Cet argument de la souffrance animale ne s'arrête pas au secteur de l'alimentation, mais touche toute exploitation animale génératrice de souffrance: l'expérimentation animale, les vêtements en peau ou fourrure animale, et même les zoos. C'est pourquoi cet argument mène généralement les individus à devenir vegan. Cependant, cet argument ne remet pas en cause un élevage sans souffrance des animaux. Ce n'est pas la mort des animaux qui est ici pointée du doigt, ni leur utilisation par l'homme, mais bien la souffrance générée. L'argument peut donc aussi mener à un régime avec de la viande d'élevage "éthique" (en boycottant l'élevage industriel).


Il s'agit de la thèse défendue par Peter Singer.


Argument 4 : Il ne faut pas exploiter les animaux, sous quelque forme que ce soit, car c'est les instrumentaliser en tant que ressources dont nous disposons, alors qu'ils ont des droits fondamentaux et/ou une valeur intrinsèque au même titre que nous.


Pour justifier l'attribution de ces droits, certains argumentent en montrant les similitudes qu'ont beaucoup d'animaux avec les humains (intelligence, sens de la famille, sens de l'humour, langage, etc.) et les avancées récentes de la science contemporaine vont en ce sens, comme nous l'a montré la biologiste comportementale Toni Frohoff.

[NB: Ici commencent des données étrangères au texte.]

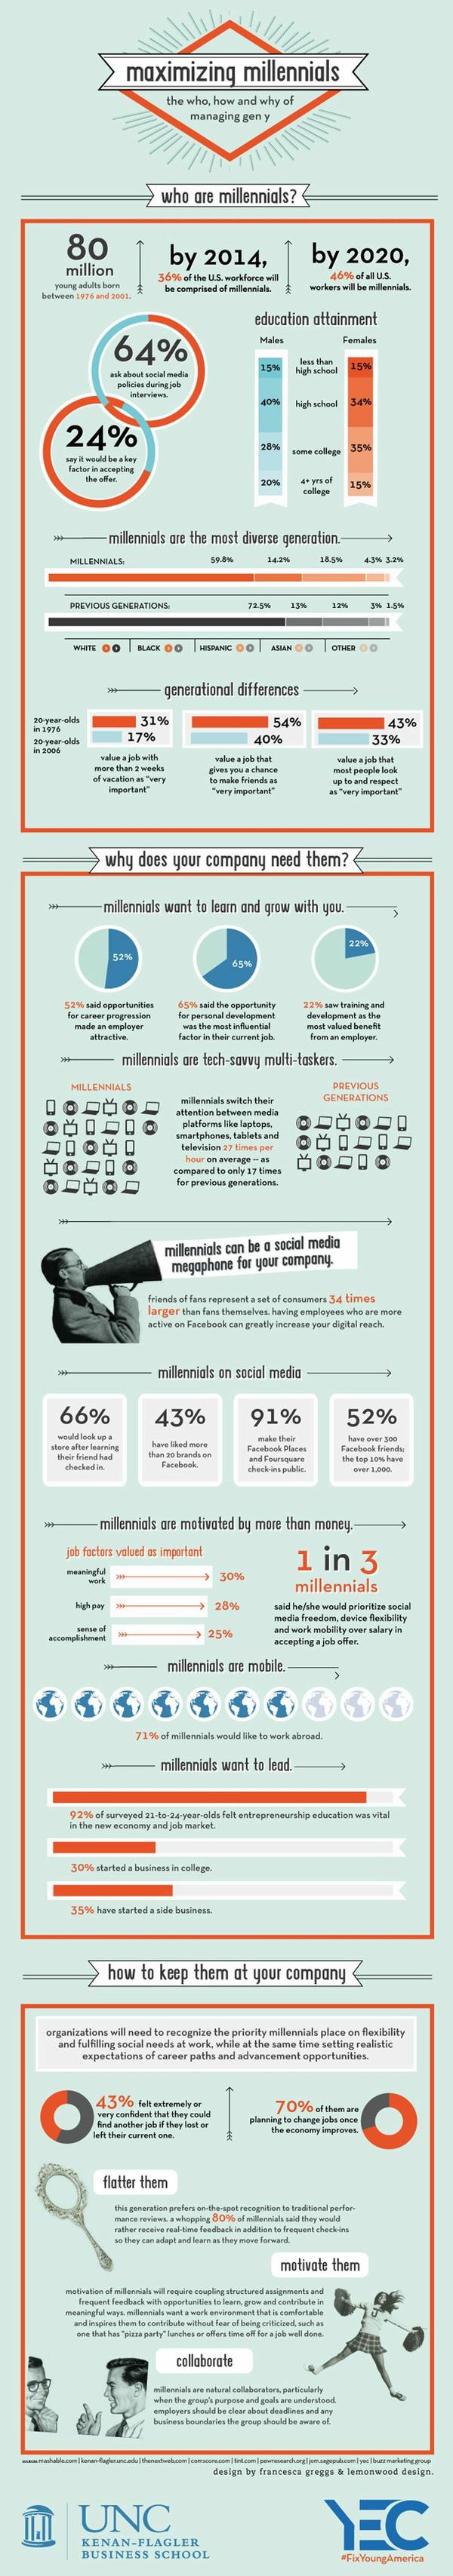 Millennials-jobs-social-media-9721

Par exemple, le porc a une intelligence beaucoup plus grande que ce que nous voulons bien penser, et les poissons jouent entre eux!


Mais d'autres (y compris Toni Frohoff) veulent aller plus loin et octroyer des droits à tous les animaux, indépendamment de leur ressemblance avec nous. Pour le moment, la loi ne reconnait que deux types de catégories: les personnes ou les objets... Devinez où se trouvent les animaux?

D'autres encore, comme Lori Gruen, ne souhaitent pas parler en terme de droits, mais en termes de bonnes relations empathiques avec les autres êtres vivants, des relations dans lesquelles nous respectons l'autre dans sa différence.


Toutes ces argumentations pointent dans la direction du véganisme. Ici, tout élevage sera considéré comme mauvais, même s'il est sans souffrance. Il s'agit ici d'un véritable antispécisme: les animaux n'ont pas moins de valeur morale que nous.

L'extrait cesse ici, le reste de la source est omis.